The decision between paint and stain on exterior wood is not primarily an aesthetic decision. It is a material decision. Cedar shingle siding should not be painted. It should be stained or left to weather. Clapboard should not be stained. It should be painted. The reasons are rooted in how each material is made, how it moves, and what it is designed to receive.

A semi-transparent oil-based stain on cedar shingle siding produces a surface that reads as wood — the grain and the texture are visible, the color is applied as a tone rather than a coating. The shingles remain individually visible as shingles. Neither a semi-transparent nor a solid-color stain looks like painted siding. Neither is trying to.

Exterior wood stains range from water-thin clear penetrating oils through semi-transparent (light pigment, grain fully visible) to semi-solid (moderate pigment, grain partially visible) to solid (full pigment, grain obscured). For cedar shingle siding, semi-transparent or semi-solid oil-based stain is the correct specification. The middle grades — semi-transparent and semi-solid — are the correct range.

Semi-transparent oil-based stain on cedar shingles penetrates the wood rather than forming a film. It cannot peel. When it fails, it fails by wearing away — fading and losing water repellency — rather than by lifting and peeling the way paint does. Recoating is simpler because there is no failing film to remove.
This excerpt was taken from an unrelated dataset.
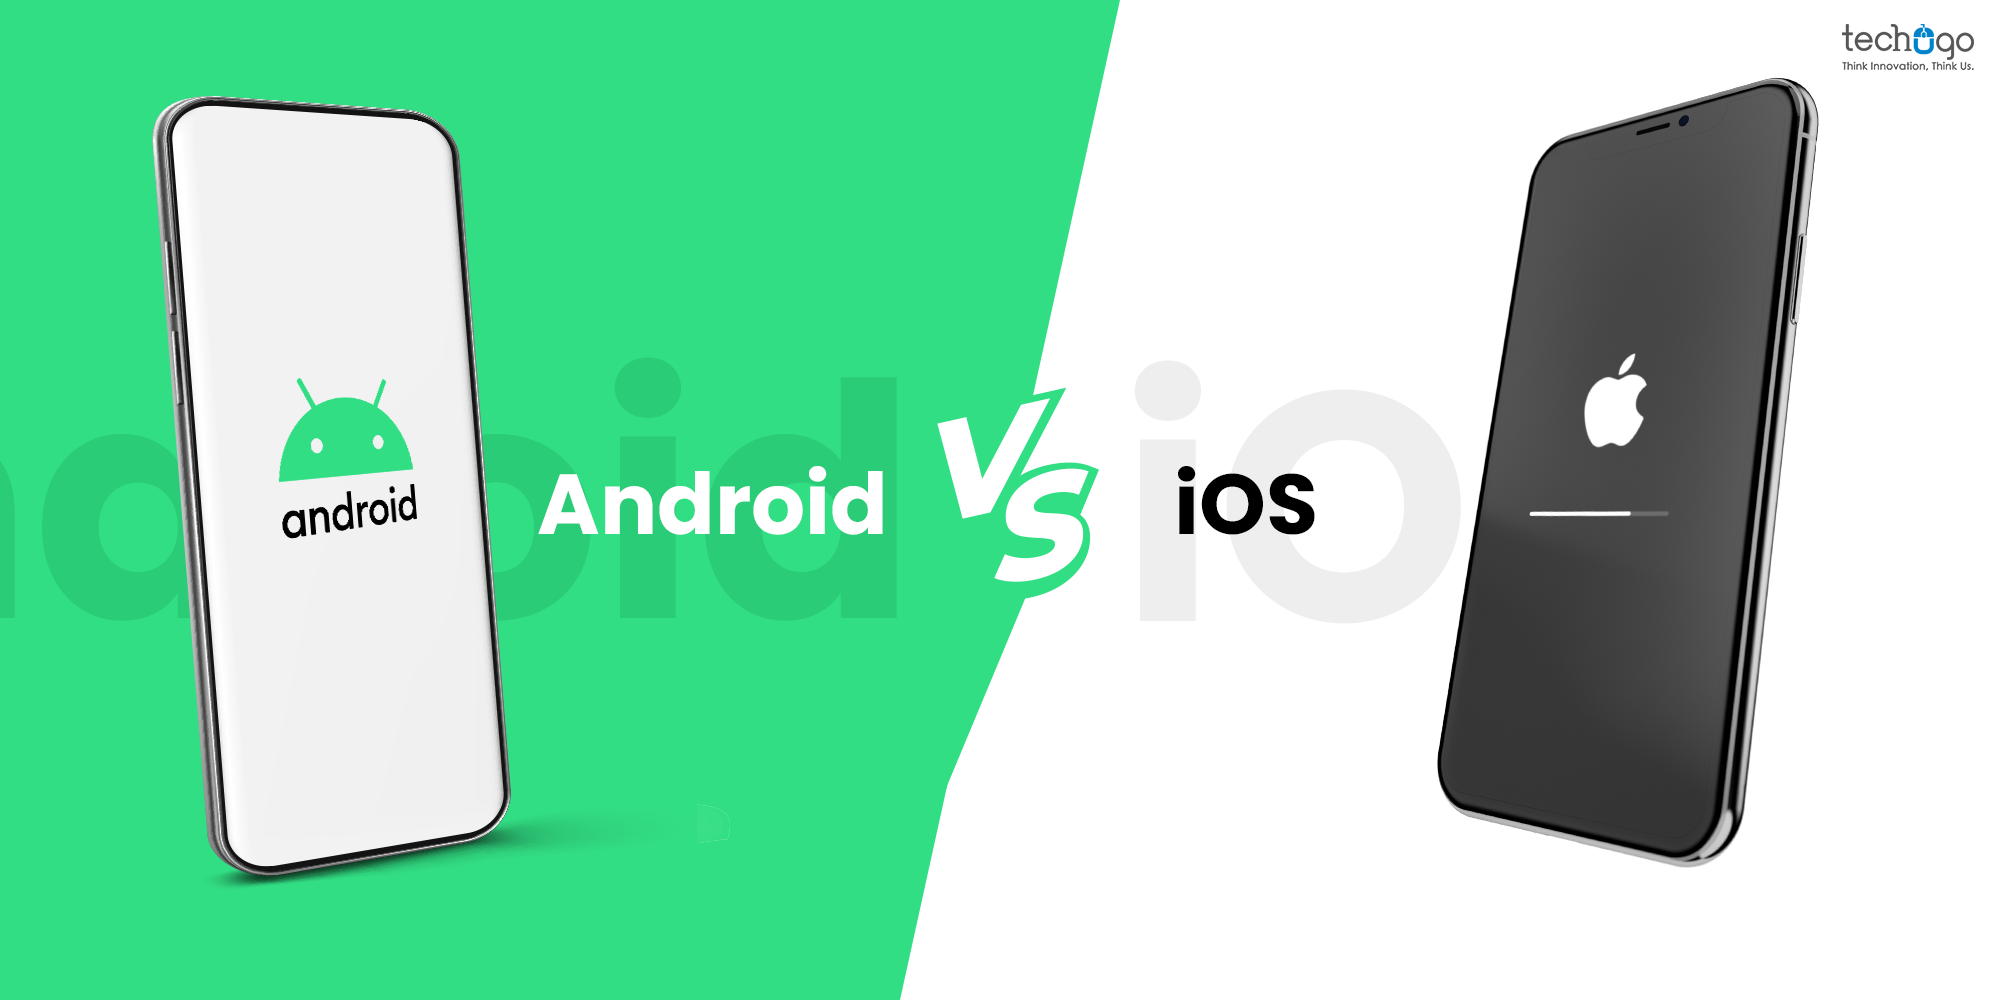 Android vs iOS- Understanding The Technical Superiority Of The Best Platform

Paint on cedar shingles traps moisture in the shingle because the paint film is relatively impermeable. Cedar shingles move significantly with moisture content changes, and paint applied over them eventually cracks and peels at the joints between shingles. Stain, which penetrates rather than films, accommodates this movement.
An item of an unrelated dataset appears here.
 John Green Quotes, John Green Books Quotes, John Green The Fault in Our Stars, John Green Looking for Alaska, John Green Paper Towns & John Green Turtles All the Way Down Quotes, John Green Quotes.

From paint dealers. Specify: oil-based, semi-transparent or semi-solid, for cedar shingle siding. Leading products include Cabot Australian Timber Oil and similar penetrating oil-based stains. Color selection should be guided by the weathered cedar palette — grey-green, silver-grey, or driftwood tones are historically correct for coastal and vernacular New England.

The Old Canaan Standard

Semi-transparent or semi-solid oil-based penetrating stain for cedar shingle siding on traditional New England residential buildings. Apply to shingles before installation for full coverage including hidden faces. Recoat every 3 to 7 years depending on exposure. Do not use latex paint or solid latex stain on cedar shingles. The stain wears. It does not peel.